▶ [INSTRUCTIONS FOR THE TASK]: Once the pictures are removed, reproduce what is left of the data below exactly.

▶ [INFORMATION SUPPLIED]:
┏━━

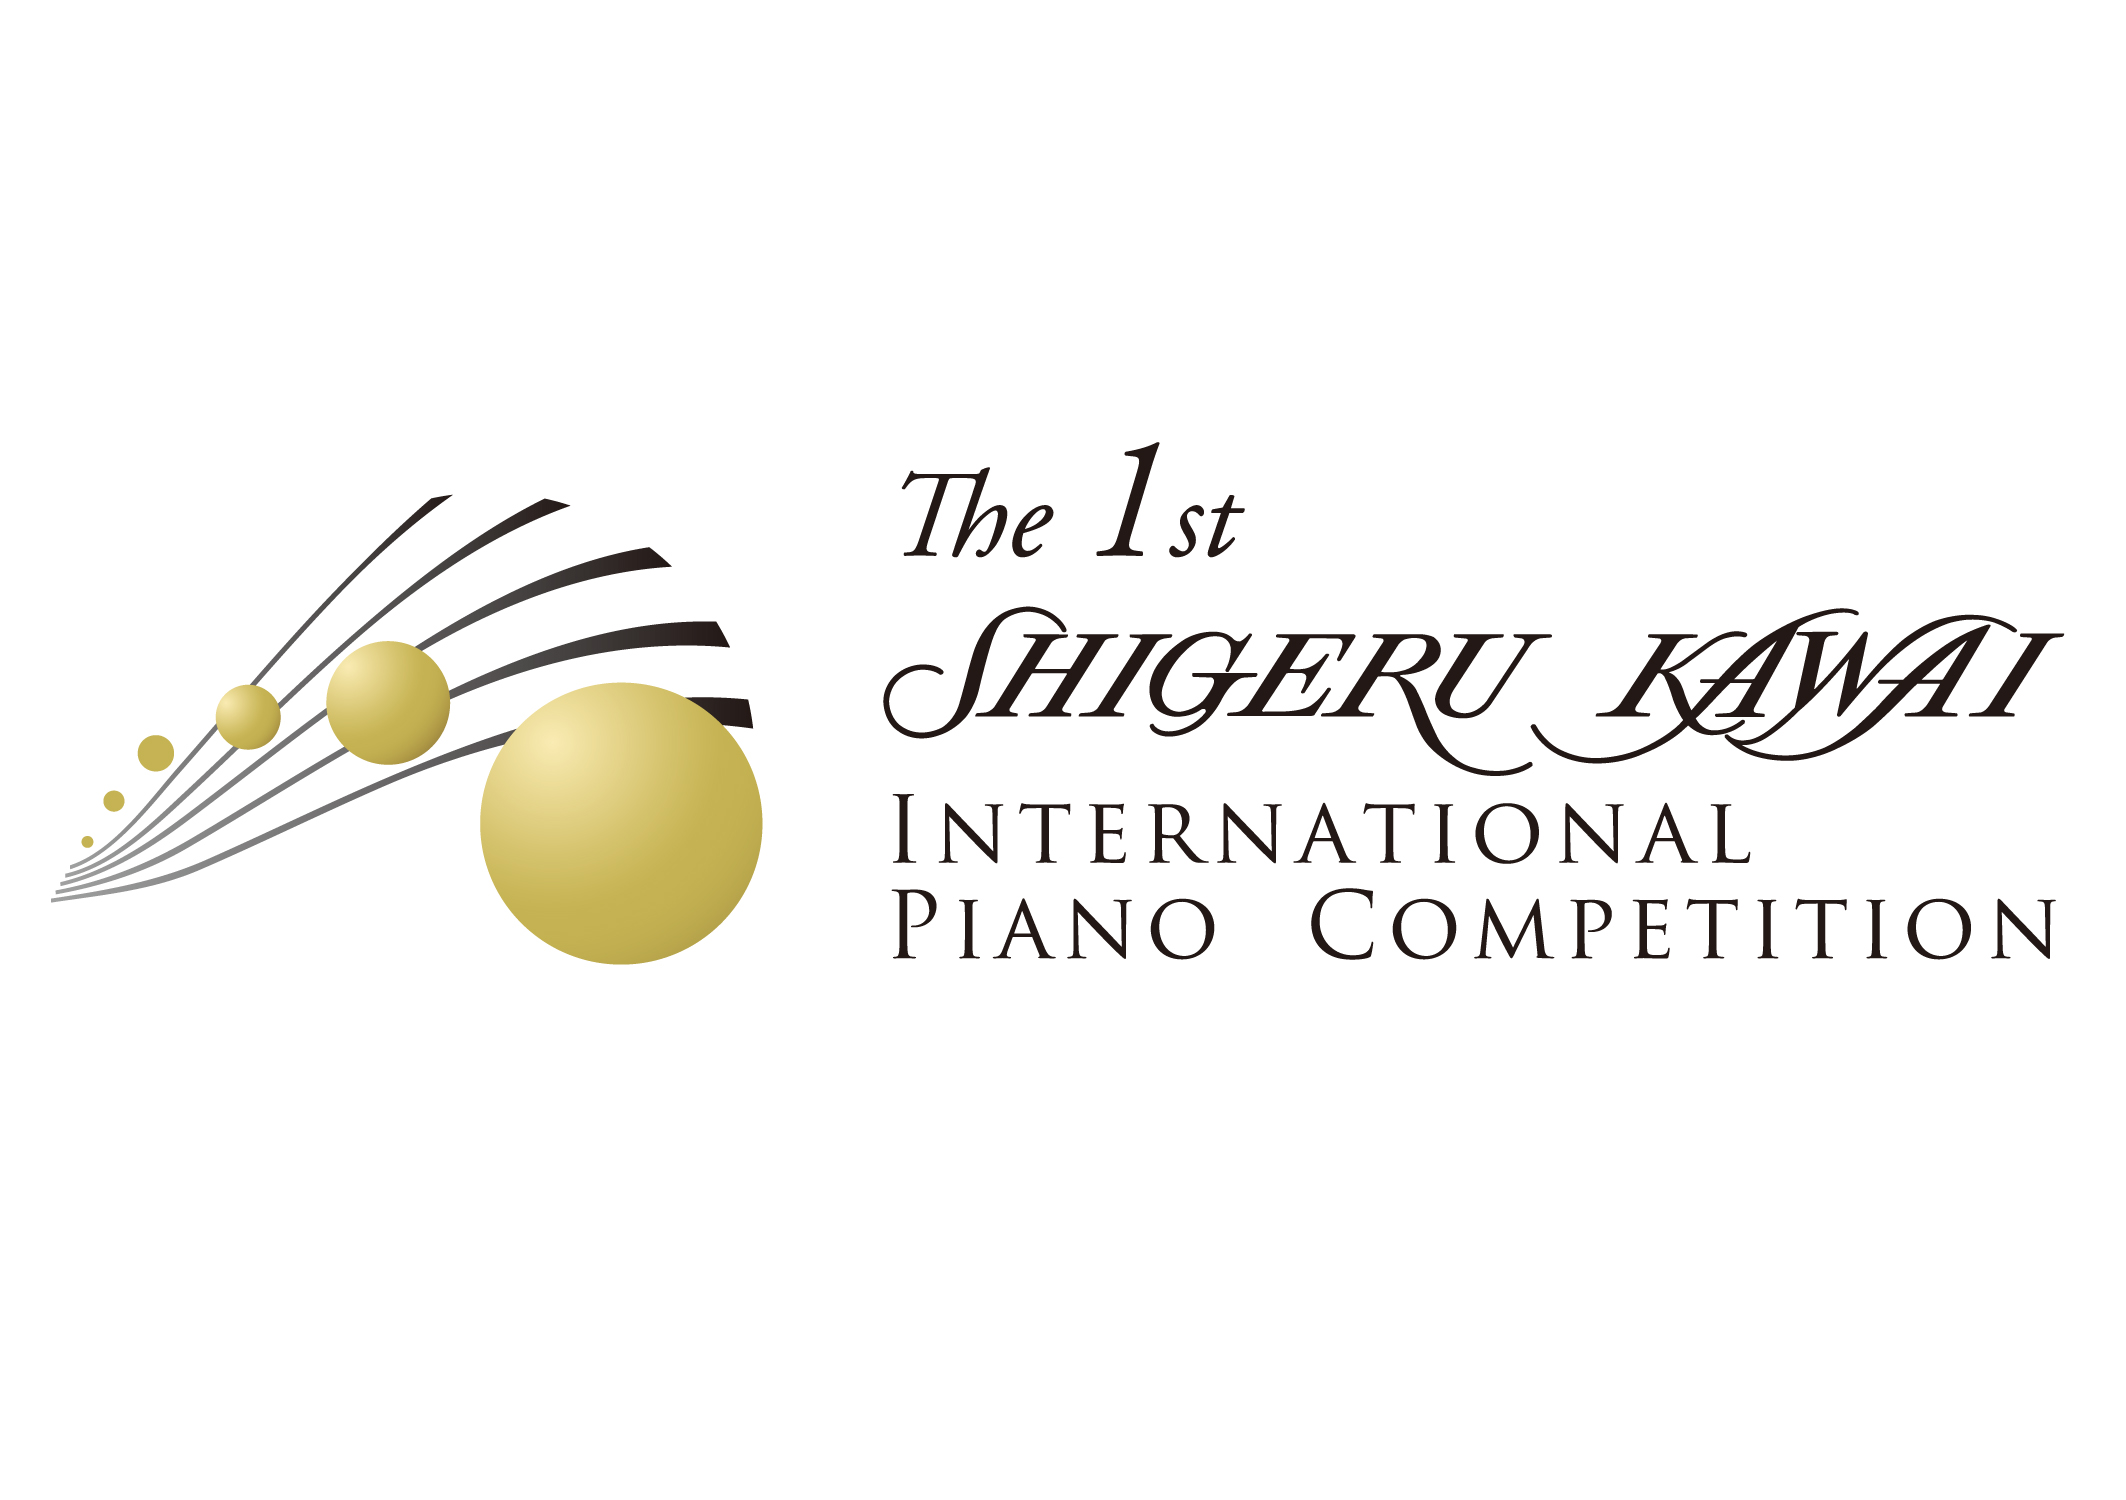 「Shigeru Kawai国際ピアノコンクール」ロゴ
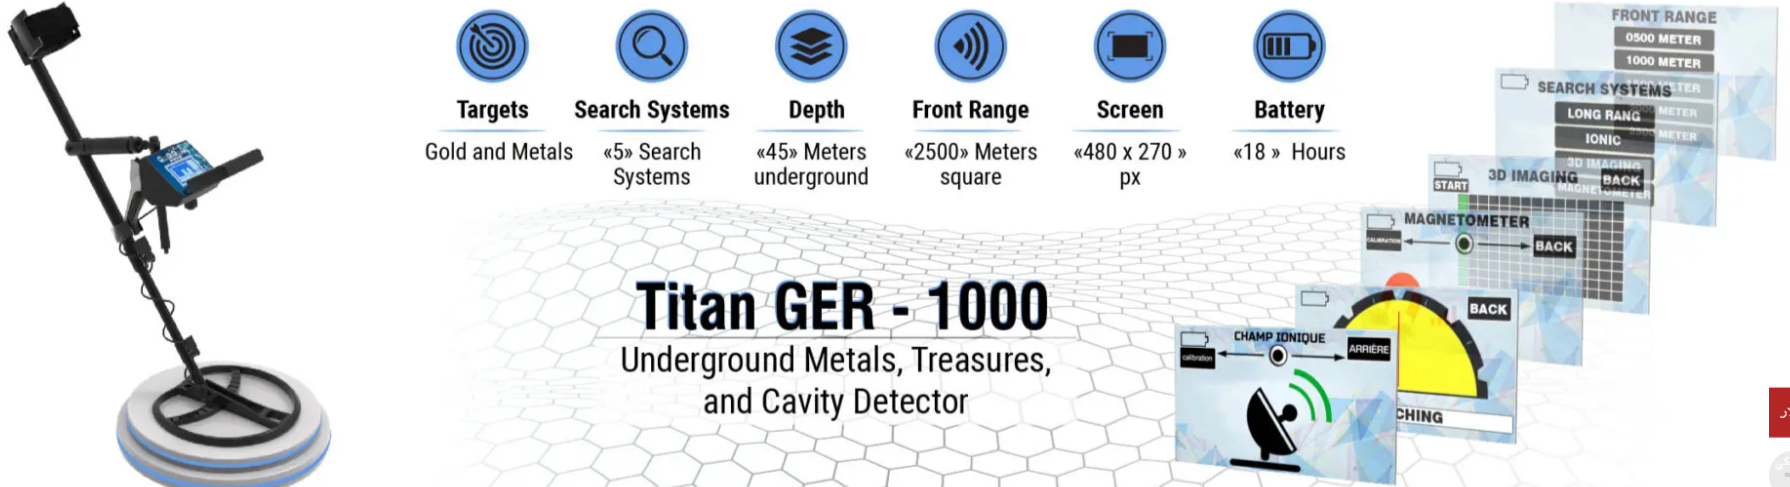 تيتان جير 1000 لكشف الذهب والمعادن الثمينة والكنوز والفراغات Do
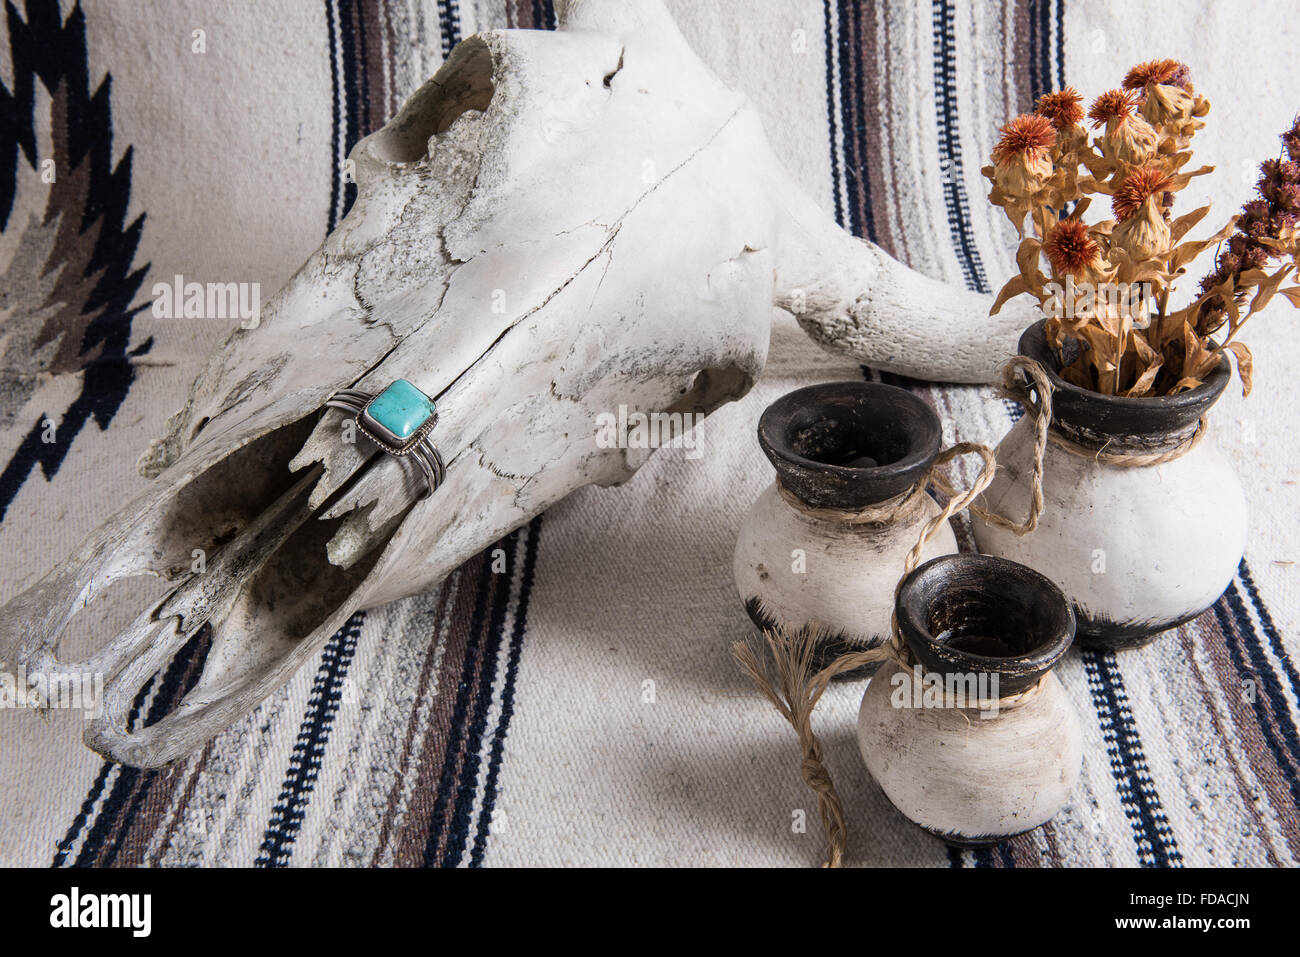 Verwitterter Kuhschädel, türkisfarbenes und silbernes Manschettenarmband, schwarz-weiß bemalte mexikanische Keramik mit getrockneten Blumen auf einer mexikanischen gestreiften Decke. Stockfoto
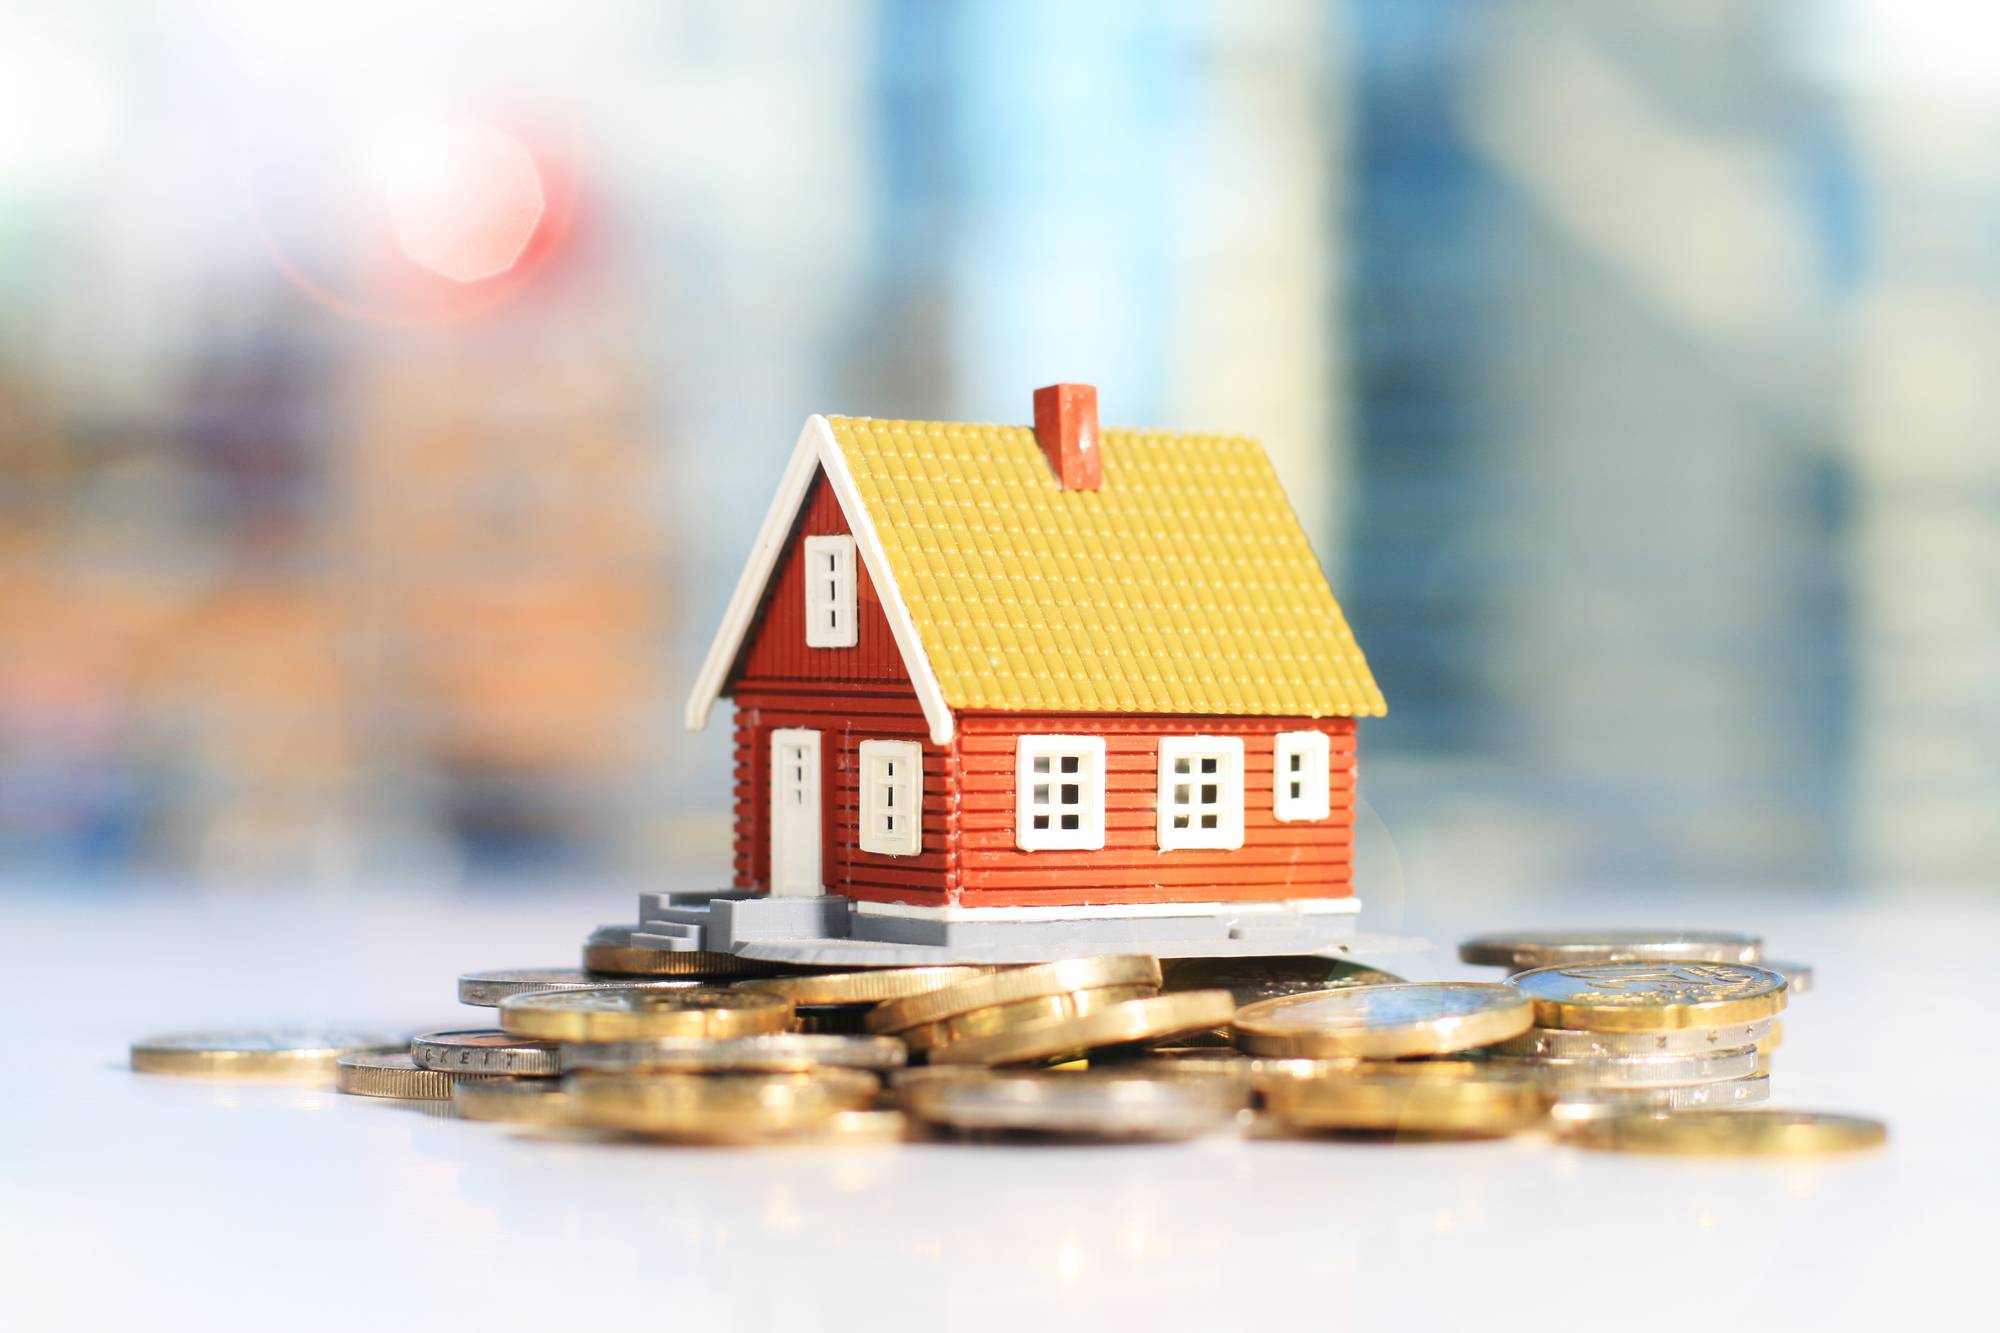 Недвижимость в австралии: цены в рублях, аренда, ипотека, налоги

┗━━

▶ [OUTPUT OF THE TASK]:
 「Shigeru Kawai国際ピアノコンクール」ロゴ
 تيتان جير 1000 لكشف الذهب والمعادن الثمينة والكنوز والفراغات Do
 Verwitterter Kuhschädel, türkisfarbenes und silbernes Manschettenarmband, schwarz-weiß bemalte mexikanische Keramik mit getrockneten Blumen auf einer mexikanischen gestreiften Decke. Stockfoto
 Недвижимость в австралии: цены в рублях, аренда, ипотека, налоги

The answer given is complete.